Up until the mid-to-late 1940s, some applications - often military ones where components were subject to very high loading were through-hardened and stress relieved (a process that is often referred to as tempering, but demonstrates no martensite decomposition, so is really a lie). The components were, in other words untempered, meaning the martensite that was responsible for their hardness (and also the component most suceptible to the effects of trapped hydrogen) had not begun to decompose and liberate carbon as fine carbide particles and ferrite.

Now, as long as your component is redundant and never going to see contaminated water, or and corrosive environments this is acceptable. How many applications can you think of that fit that bill? Not many, I'll wager.

Then something wonderful happened...

In the fifties, Inco laboratories made some groundbreaking discoveries. First they developed the maraging steels, which suffer little from hydrogen issues due to their very soft high-nickel, carbon-free lath martensites and their enormous, ultrafine and profuse intermetallic precipitate strengthening (which is on a scale that conincides with the most efficient hydrogen sinks).

Alongside them came the nickel-cobalt secondary hardening steels, of which things like Aermet is a family member. These steels use the martensite of a sonventional maraging steel and intead of intermetallics, they strengthen it with profuse, incredibly stable ultrafine mixed carbides. This which Aermet was such a ***** to work with for cycle frame tubing manufacturers. It just eats tooling, unlike conventional maraging steels.

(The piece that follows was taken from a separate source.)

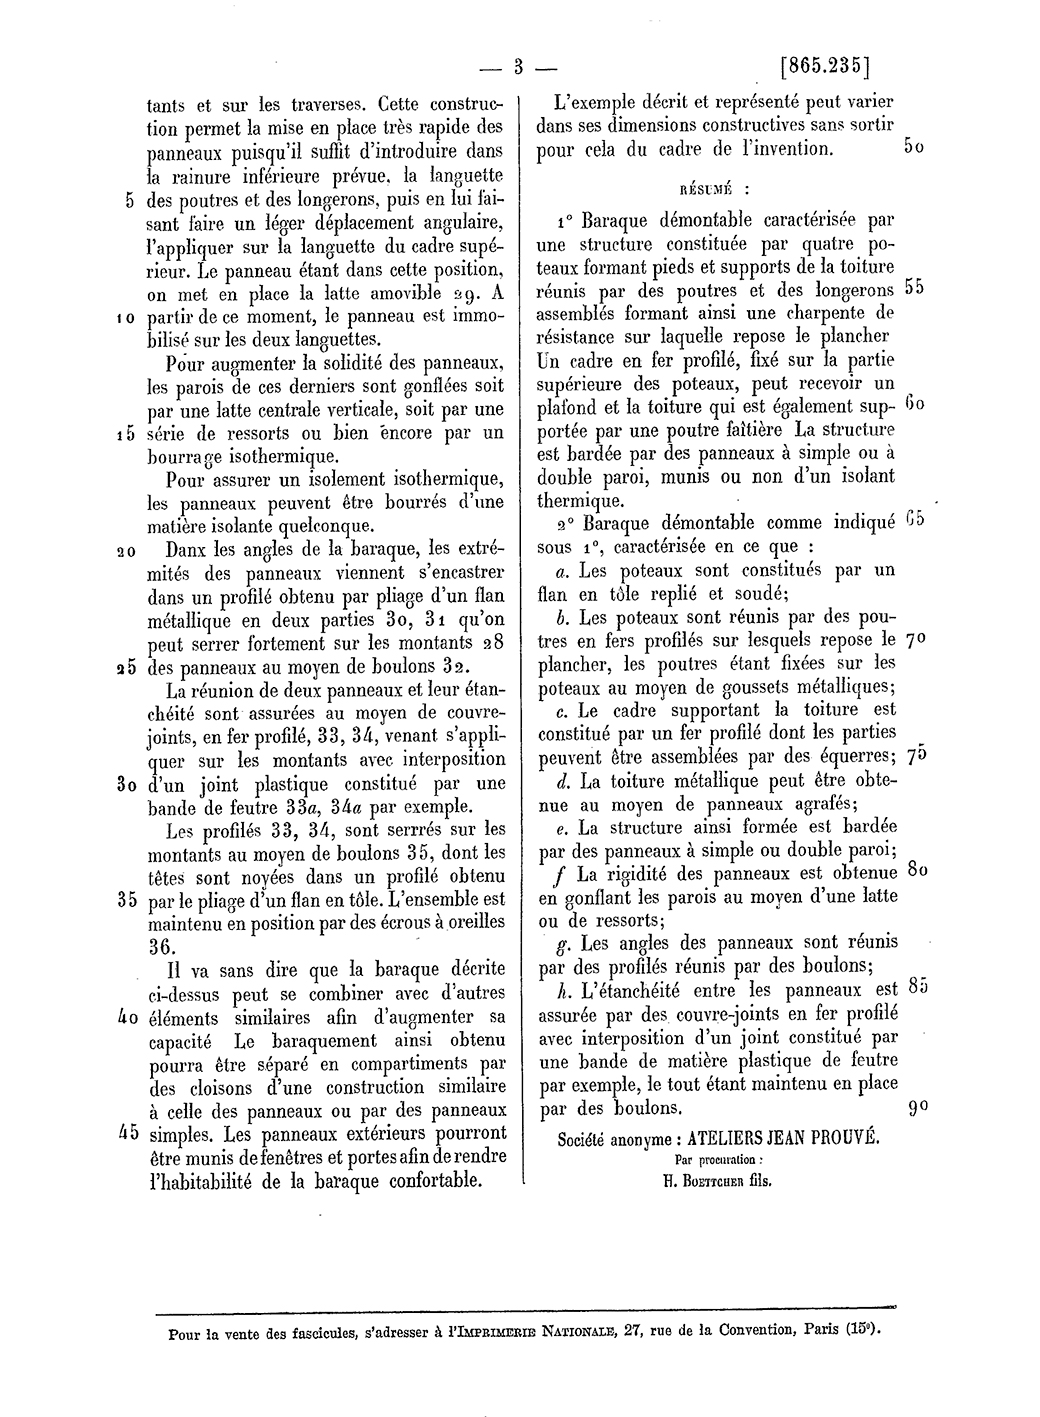 Ateliers Jean Prouvé. “Demountable Shelter”: patent no. 865.235 filed 16 January 1940 with the Ministry of Industry and Labor’s industrial property department at Versailles, granted 17 February 1941, published 16 May 1941.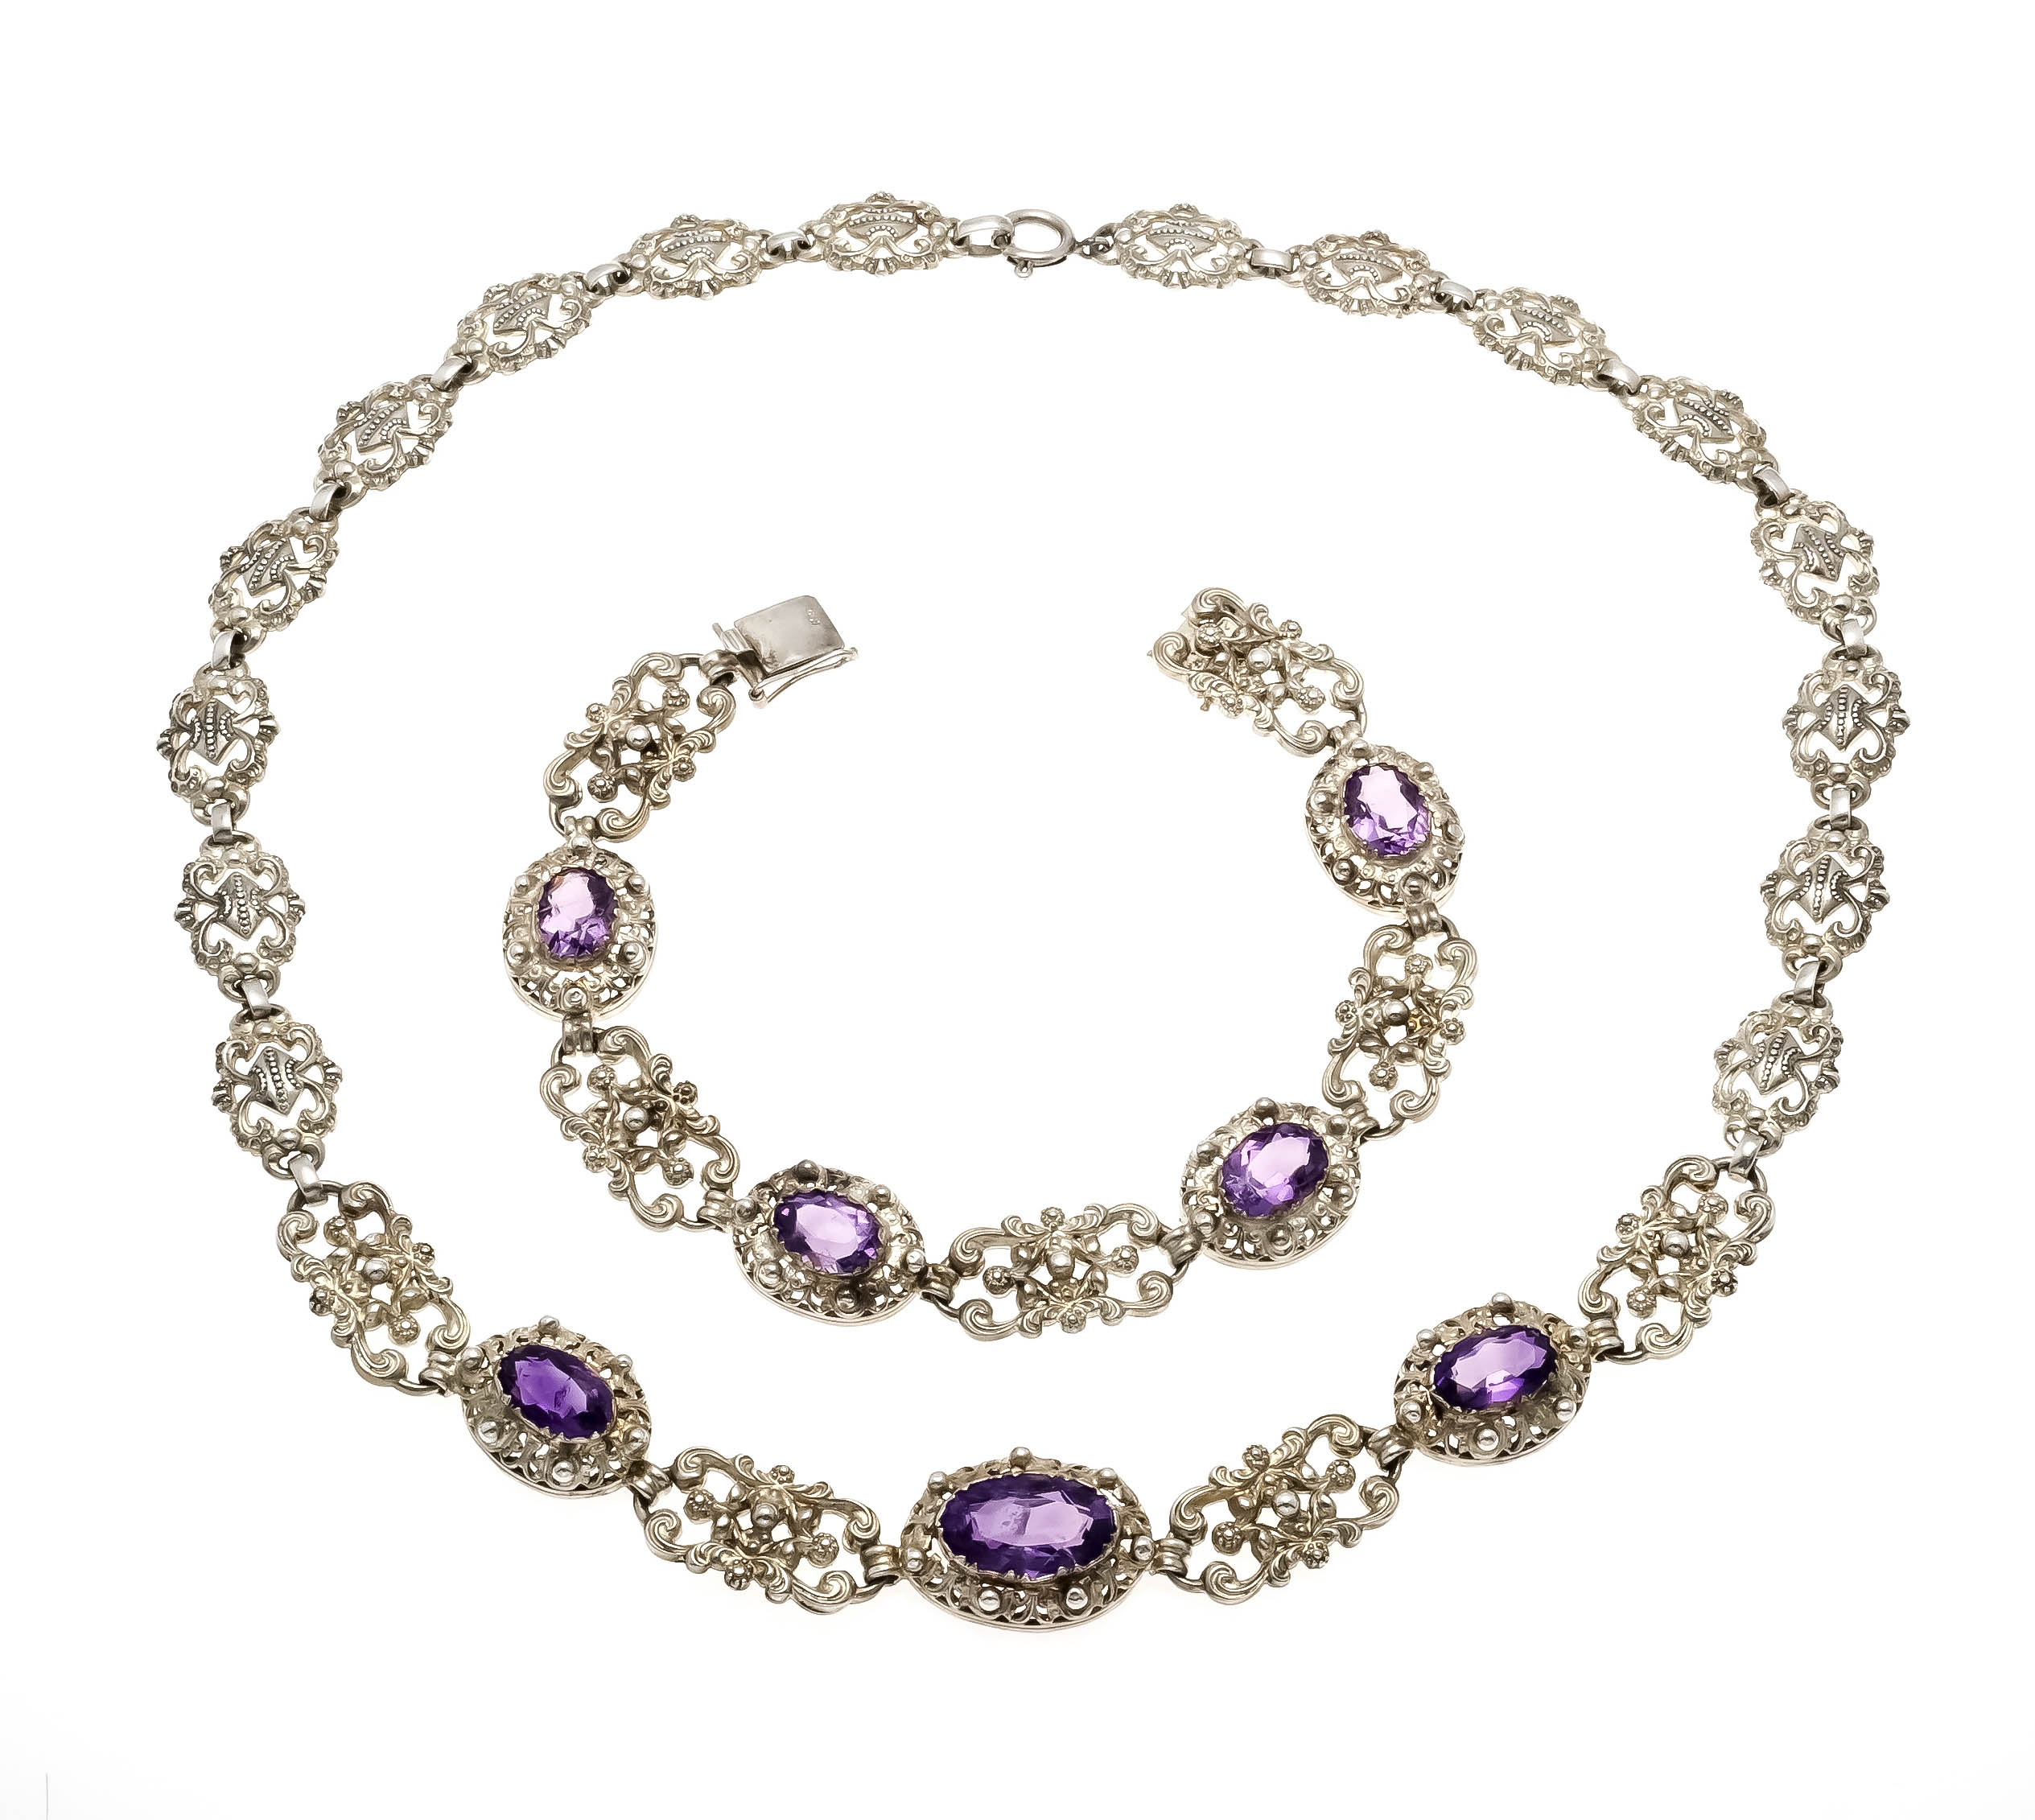 2-piece amethyst set, silver 830/000, made of richly decorated ornamental links in historicism

From this point forward, the approach to use of steel changed. In 1948, when the Basic Oxygen process for producing high quality clean, low carbon and nitrogen steel was developed, we had a way to ensure clean, and then with AOD/VIMVAR/etc electric vacuum secondary steelmaking techniques, ultra, ultra, just plain silly-clean steels, it became very easy to produce these ultra high strength, ultra high toughness, ultra clean steels just the way we wanted them.

Suddenly super-high mechanical properties didn't require us to quench high-carbon steels and leave them full of quenched in stresses to ensure they were hard/strong enough. We could get 2/3/4GPa UTS from a steel containing NO carbon. We could make a steel, harden it in still air and then temper it to death and it would only get stronger while sacrificing no toughness.

These days you'd have to be either nuts or just plain tight to go back to quenching the living daylights out of a 0.6% carbon steel just so you could have 55+Rockwell C hardness.


What's most important about this is that our inventory steels, our national standard grades - all the ones we use to make bicycle frames - now all contain either molybdenum or vanadium or both (with a couple of really stupid exceptions), both of which produce fine scale carbides when you temper a steel at about 550-650C. These carbides are perfect trapping sites for any hydrogen that has been absorbed by the steel. And they will trap a hell of a lot, trap it stably, trap it safely.